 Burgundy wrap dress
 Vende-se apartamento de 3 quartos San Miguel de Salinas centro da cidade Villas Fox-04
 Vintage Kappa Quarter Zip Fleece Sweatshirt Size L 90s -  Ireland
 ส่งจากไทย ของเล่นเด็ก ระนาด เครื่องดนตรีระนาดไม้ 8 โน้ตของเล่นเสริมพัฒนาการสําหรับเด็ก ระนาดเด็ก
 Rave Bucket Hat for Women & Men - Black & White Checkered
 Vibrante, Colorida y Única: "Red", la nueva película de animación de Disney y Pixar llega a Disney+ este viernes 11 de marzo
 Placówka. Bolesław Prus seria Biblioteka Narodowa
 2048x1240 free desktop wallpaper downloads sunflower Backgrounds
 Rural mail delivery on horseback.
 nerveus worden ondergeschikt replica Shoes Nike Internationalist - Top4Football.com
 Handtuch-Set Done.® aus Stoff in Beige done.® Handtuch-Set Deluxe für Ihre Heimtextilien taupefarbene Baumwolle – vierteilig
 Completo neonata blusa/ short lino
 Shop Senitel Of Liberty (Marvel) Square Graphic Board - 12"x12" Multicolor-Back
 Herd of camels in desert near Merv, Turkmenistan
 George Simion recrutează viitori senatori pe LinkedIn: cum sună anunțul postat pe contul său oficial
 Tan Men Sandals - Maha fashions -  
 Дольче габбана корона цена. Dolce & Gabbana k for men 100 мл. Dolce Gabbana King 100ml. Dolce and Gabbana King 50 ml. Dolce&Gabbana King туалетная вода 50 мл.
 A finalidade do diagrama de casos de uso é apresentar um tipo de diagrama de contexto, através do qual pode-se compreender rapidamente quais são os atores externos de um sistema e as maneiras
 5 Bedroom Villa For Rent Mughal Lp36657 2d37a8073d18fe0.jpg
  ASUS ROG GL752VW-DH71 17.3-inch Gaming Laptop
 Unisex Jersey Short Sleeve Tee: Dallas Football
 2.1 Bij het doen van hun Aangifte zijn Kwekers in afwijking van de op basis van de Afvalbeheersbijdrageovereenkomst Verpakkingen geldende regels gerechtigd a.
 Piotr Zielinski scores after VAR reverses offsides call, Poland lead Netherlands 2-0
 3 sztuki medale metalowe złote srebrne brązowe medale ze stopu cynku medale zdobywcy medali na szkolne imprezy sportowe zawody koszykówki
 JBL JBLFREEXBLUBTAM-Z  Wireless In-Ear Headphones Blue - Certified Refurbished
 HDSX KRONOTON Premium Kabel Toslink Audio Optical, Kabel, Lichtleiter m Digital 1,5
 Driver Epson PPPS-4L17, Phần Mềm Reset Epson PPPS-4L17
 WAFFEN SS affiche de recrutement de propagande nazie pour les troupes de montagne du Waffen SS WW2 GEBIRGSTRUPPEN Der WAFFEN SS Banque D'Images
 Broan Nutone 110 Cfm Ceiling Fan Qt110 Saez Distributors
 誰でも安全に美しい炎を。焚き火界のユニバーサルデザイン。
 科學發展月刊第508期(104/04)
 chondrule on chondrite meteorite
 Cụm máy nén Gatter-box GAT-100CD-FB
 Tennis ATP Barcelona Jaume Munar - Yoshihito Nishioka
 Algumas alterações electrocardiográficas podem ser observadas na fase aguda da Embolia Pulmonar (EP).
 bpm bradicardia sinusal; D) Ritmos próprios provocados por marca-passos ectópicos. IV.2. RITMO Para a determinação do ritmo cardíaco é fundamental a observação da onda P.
----
- **REQUIREMENT**
Transcribe the whole listing with every word preserved.

- **WRITTEN REPLY**
 Burgundy wrap dress
 Vende-se apartamento de 3 quartos San Miguel de Salinas centro da cidade Villas Fox-04
 Vintage Kappa Quarter Zip Fleece Sweatshirt Size L 90s -  Ireland
 ส่งจากไทย ของเล่นเด็ก ระนาด เครื่องดนตรีระนาดไม้ 8 โน้ตของเล่นเสริมพัฒนาการสําหรับเด็ก ระนาดเด็ก
 Rave Bucket Hat for Women & Men - Black & White Checkered
 Vibrante, Colorida y Única: "Red", la nueva película de animación de Disney y Pixar llega a Disney+ este viernes 11 de marzo
 Placówka. Bolesław Prus seria Biblioteka Narodowa
 2048x1240 free desktop wallpaper downloads sunflower Backgrounds
 Rural mail delivery on horseback.
 nerveus worden ondergeschikt replica Shoes Nike Internationalist - Top4Football.com
 Handtuch-Set Done.® aus Stoff in Beige done.® Handtuch-Set Deluxe für Ihre Heimtextilien taupefarbene Baumwolle – vierteilig
 Completo neonata blusa/ short lino
 Shop Senitel Of Liberty (Marvel) Square Graphic Board - 12"x12" Multicolor-Back
 Herd of camels in desert near Merv, Turkmenistan
 George Simion recrutează viitori senatori pe LinkedIn: cum sună anunțul postat pe contul său oficial
 Tan Men Sandals - Maha fashions -  
 Дольче габбана корона цена. Dolce & Gabbana k for men 100 мл. Dolce Gabbana King 100ml. Dolce and Gabbana King 50 ml. Dolce&Gabbana King туалетная вода 50 мл.
 A finalidade do diagrama de casos de uso é apresentar um tipo de diagrama de contexto, através do qual pode-se compreender rapidamente quais são os atores externos de um sistema e as maneiras
 5 Bedroom Villa For Rent Mughal Lp36657 2d37a8073d18fe0.jpg
  ASUS ROG GL752VW-DH71 17.3-inch Gaming Laptop
 Unisex Jersey Short Sleeve Tee: Dallas Football
 2.1 Bij het doen van hun Aangifte zijn Kwekers in afwijking van de op basis van de Afvalbeheersbijdrageovereenkomst Verpakkingen geldende regels gerechtigd a.
 Piotr Zielinski scores after VAR reverses offsides call, Poland lead Netherlands 2-0
 3 sztuki medale metalowe złote srebrne brązowe medale ze stopu cynku medale zdobywcy medali na szkolne imprezy sportowe zawody koszykówki
 JBL JBLFREEXBLUBTAM-Z  Wireless In-Ear Headphones Blue - Certified Refurbished
 HDSX KRONOTON Premium Kabel Toslink Audio Optical, Kabel, Lichtleiter m Digital 1,5
 Driver Epson PPPS-4L17, Phần Mềm Reset Epson PPPS-4L17
 WAFFEN SS affiche de recrutement de propagande nazie pour les troupes de montagne du Waffen SS WW2 GEBIRGSTRUPPEN Der WAFFEN SS Banque D'Images
 Broan Nutone 110 Cfm Ceiling Fan Qt110 Saez Distributors
 誰でも安全に美しい炎を。焚き火界のユニバーサルデザイン。
 科學發展月刊第508期(104/04)
 chondrule on chondrite meteorite
 Cụm máy nén Gatter-box GAT-100CD-FB
 Tennis ATP Barcelona Jaume Munar - Yoshihito Nishioka
 Algumas alterações electrocardiográficas podem ser observadas na fase aguda da Embolia Pulmonar (EP).
 bpm bradicardia sinusal; D) Ritmos próprios provocados por marca-passos ectópicos. IV.2. RITMO Para a determinação do ritmo cardíaco é fundamental a observação da onda P.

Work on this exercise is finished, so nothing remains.